- [DATA EXTRACT]
'''
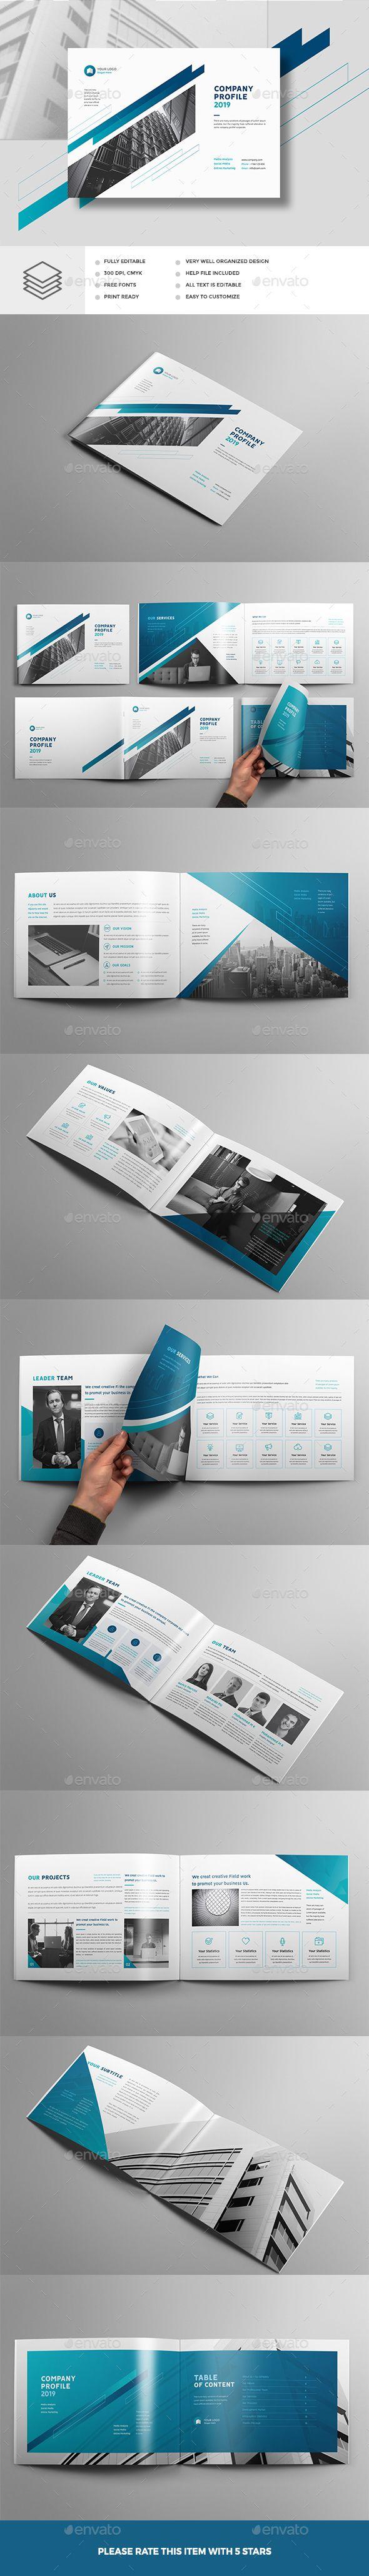 company profile landscape brochure template indesign indd a4 a5
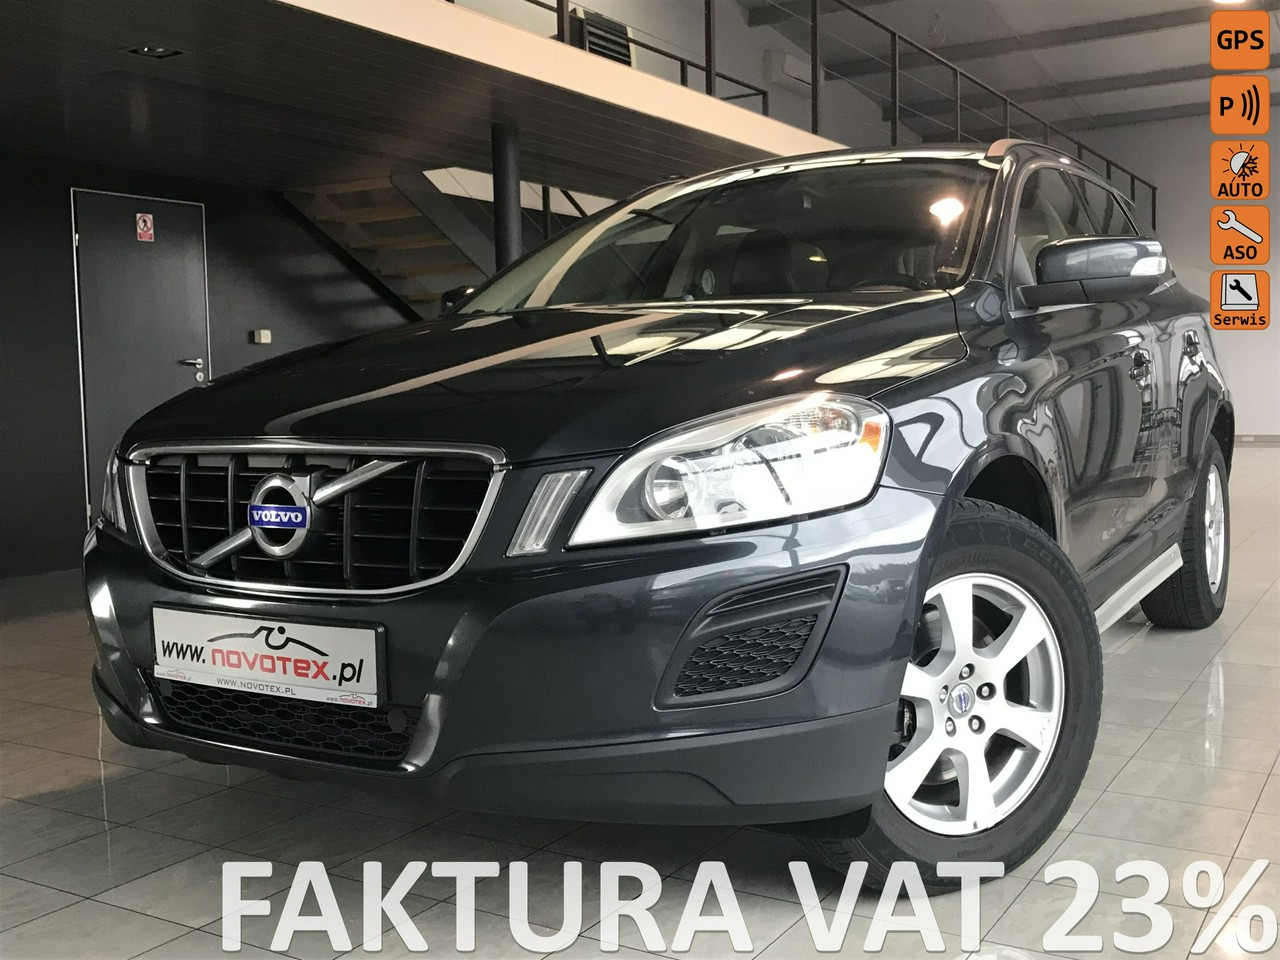 Volvo XC 60 D3*Momentum*automat*navi*ALU*bezwypadek*serwis w ASO*gwarancja VIP
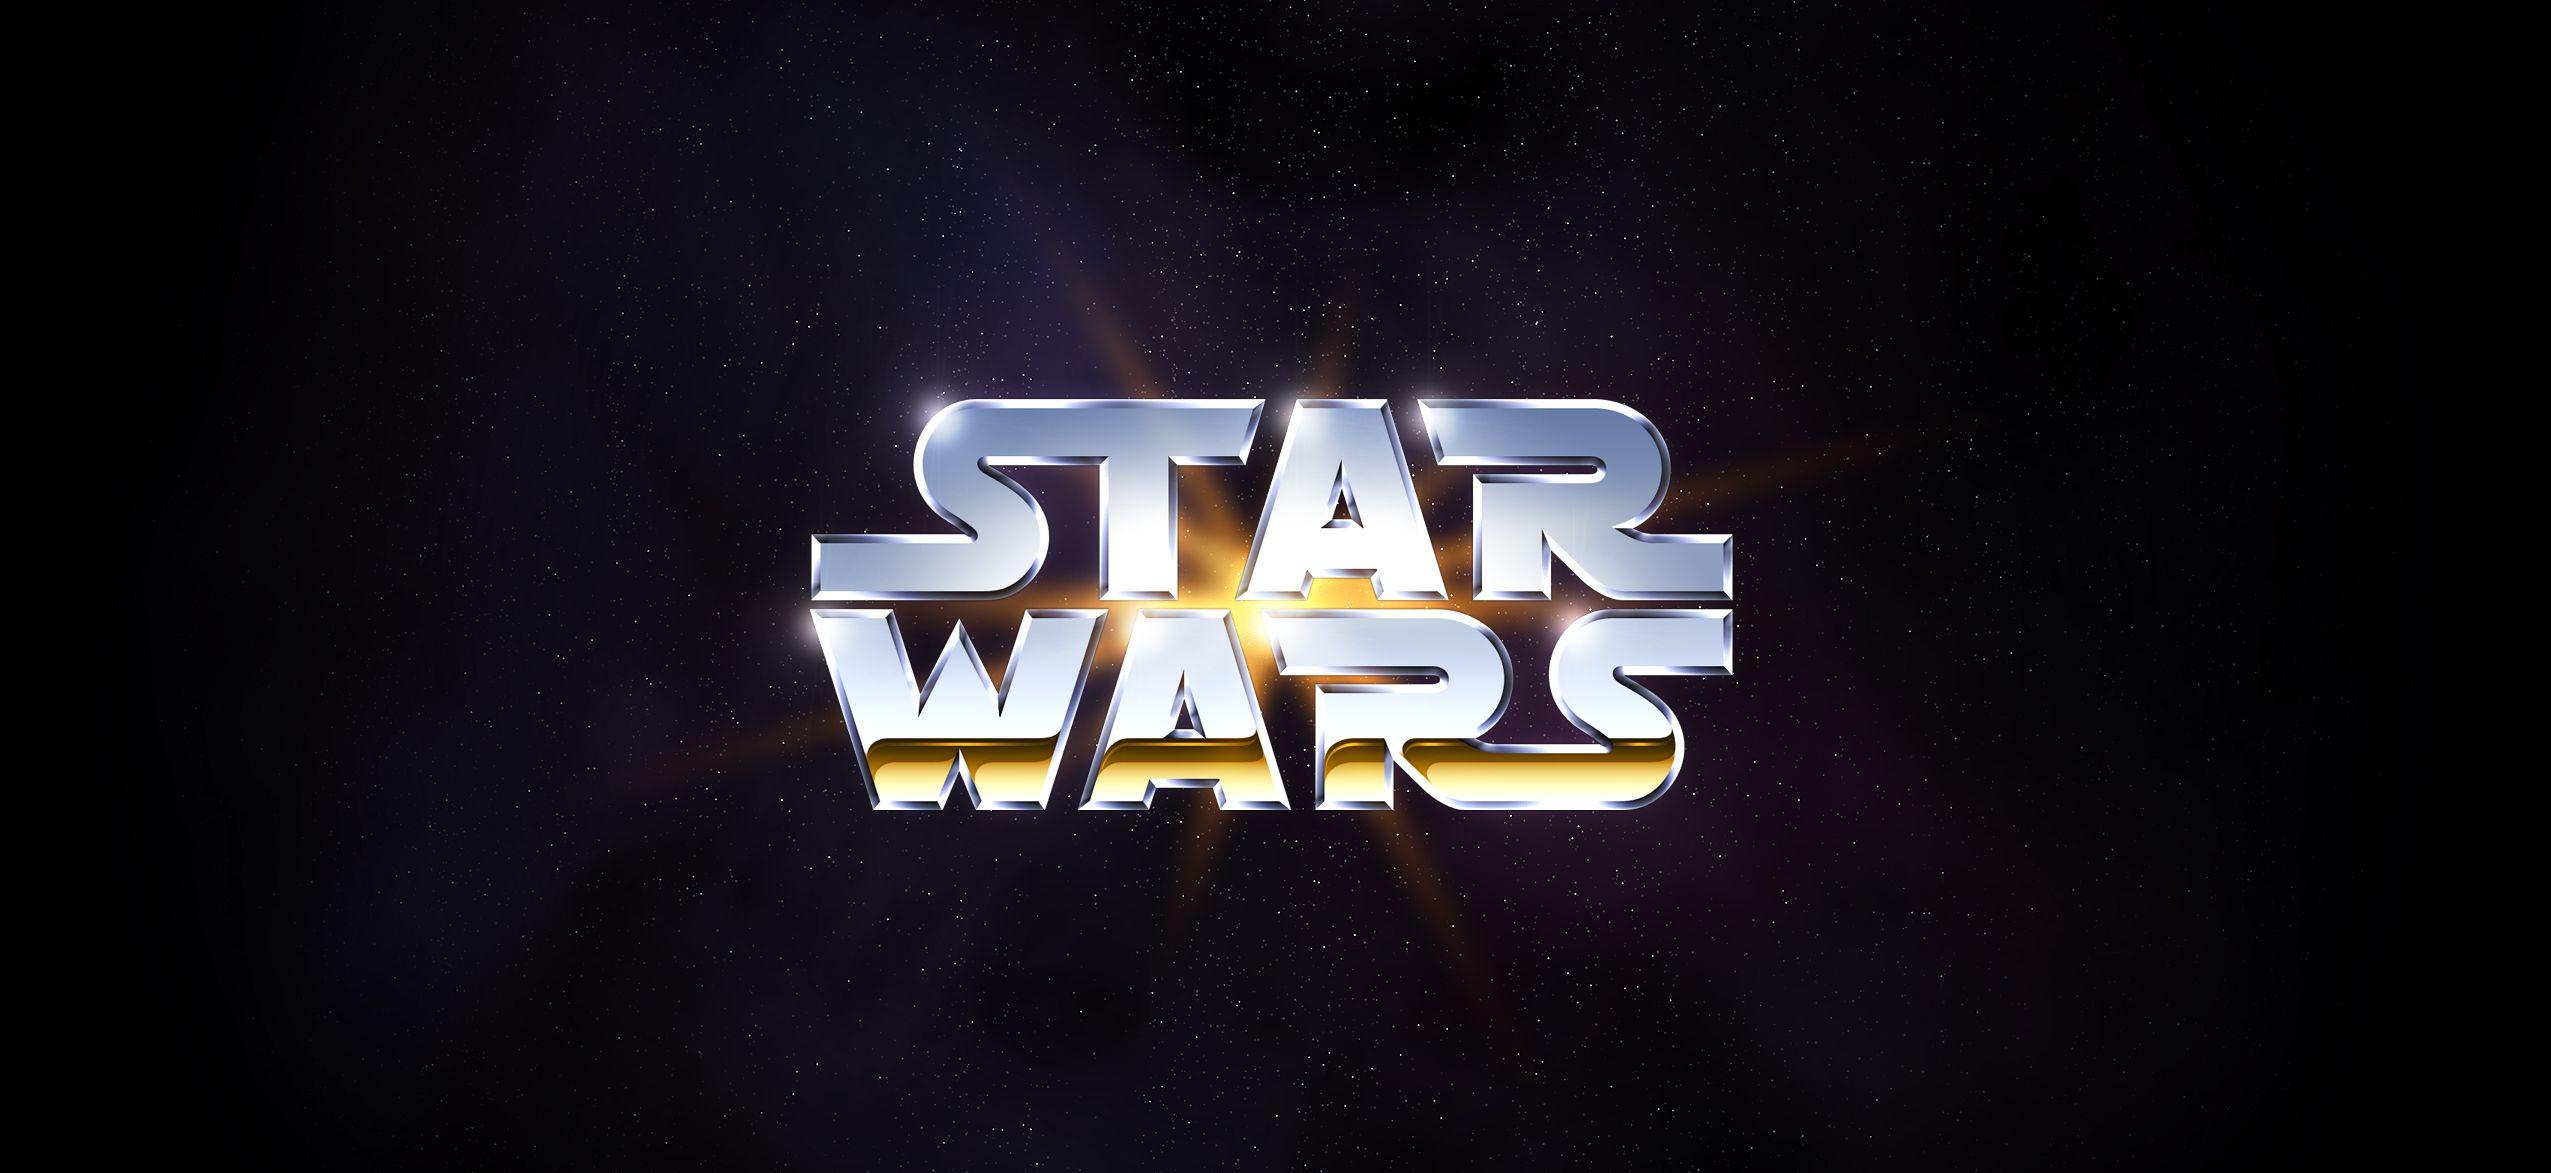 J.J. Abrams says the script is set for Star Wars: Episode VII
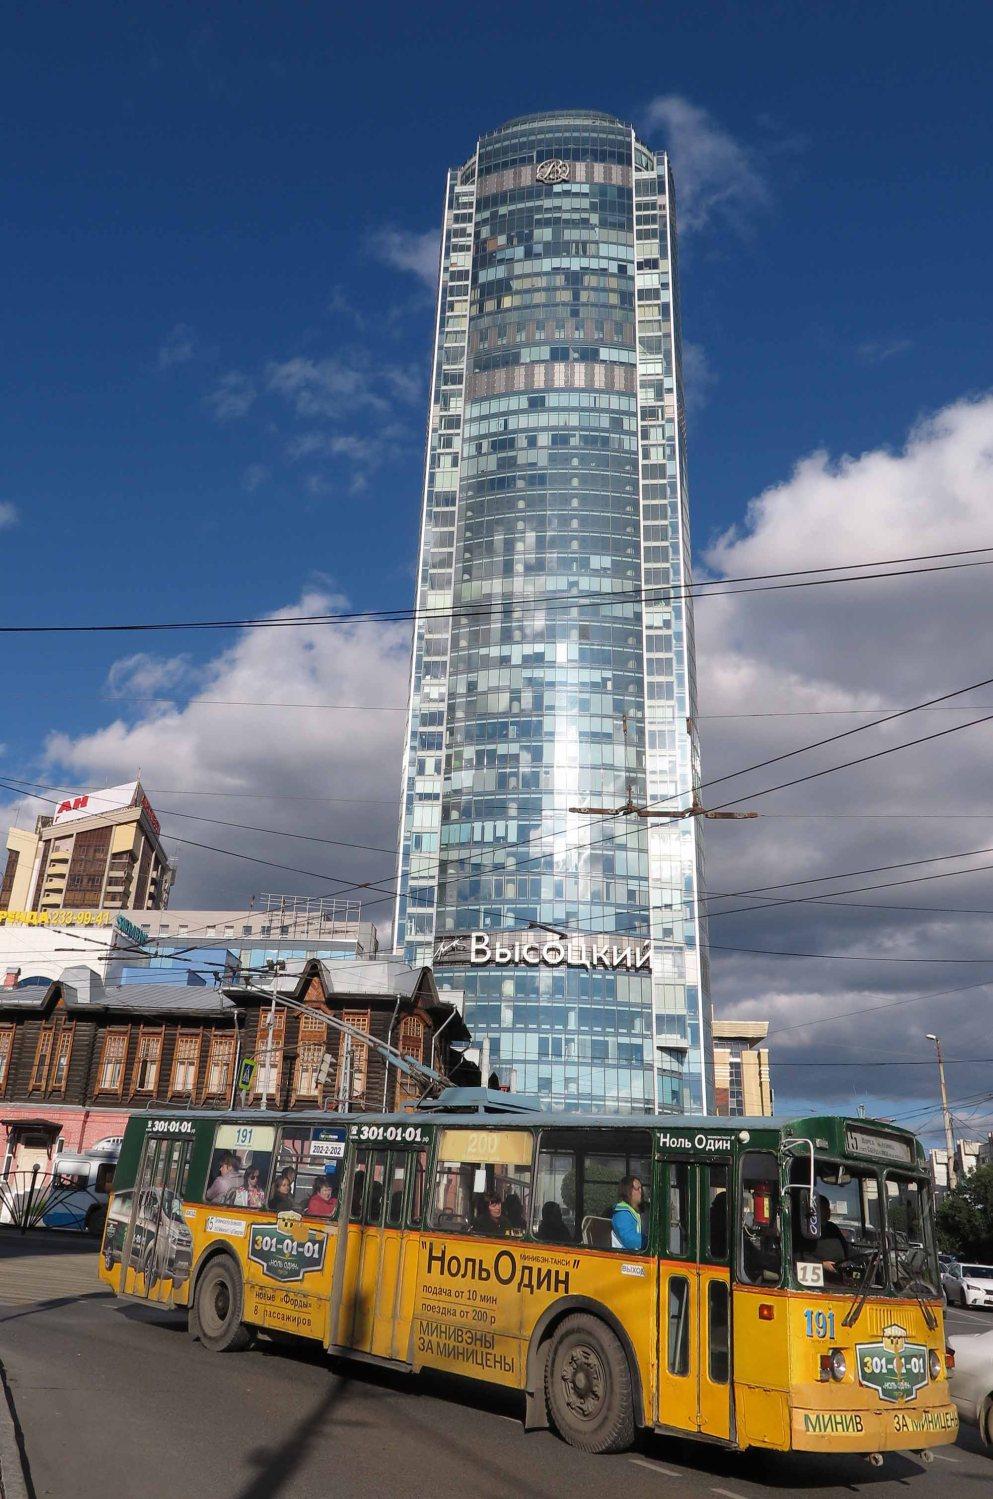 Russia-Trans-Siberian-Railway-Ekaterinburg-Skyscraper
'''
- [INSTRUCTIONS FOR THE TASK] Return all material verbatim, pictures omitted.

- [TASK RESULT]
 company profile landscape brochure template indesign indd a4 a5
 Volvo XC 60 D3*Momentum*automat*navi*ALU*bezwypadek*serwis w ASO*gwarancja VIP
 J.J. Abrams says the script is set for Star Wars: Episode VII
 Russia-Trans-Siberian-Railway-Ekaterinburg-Skyscraper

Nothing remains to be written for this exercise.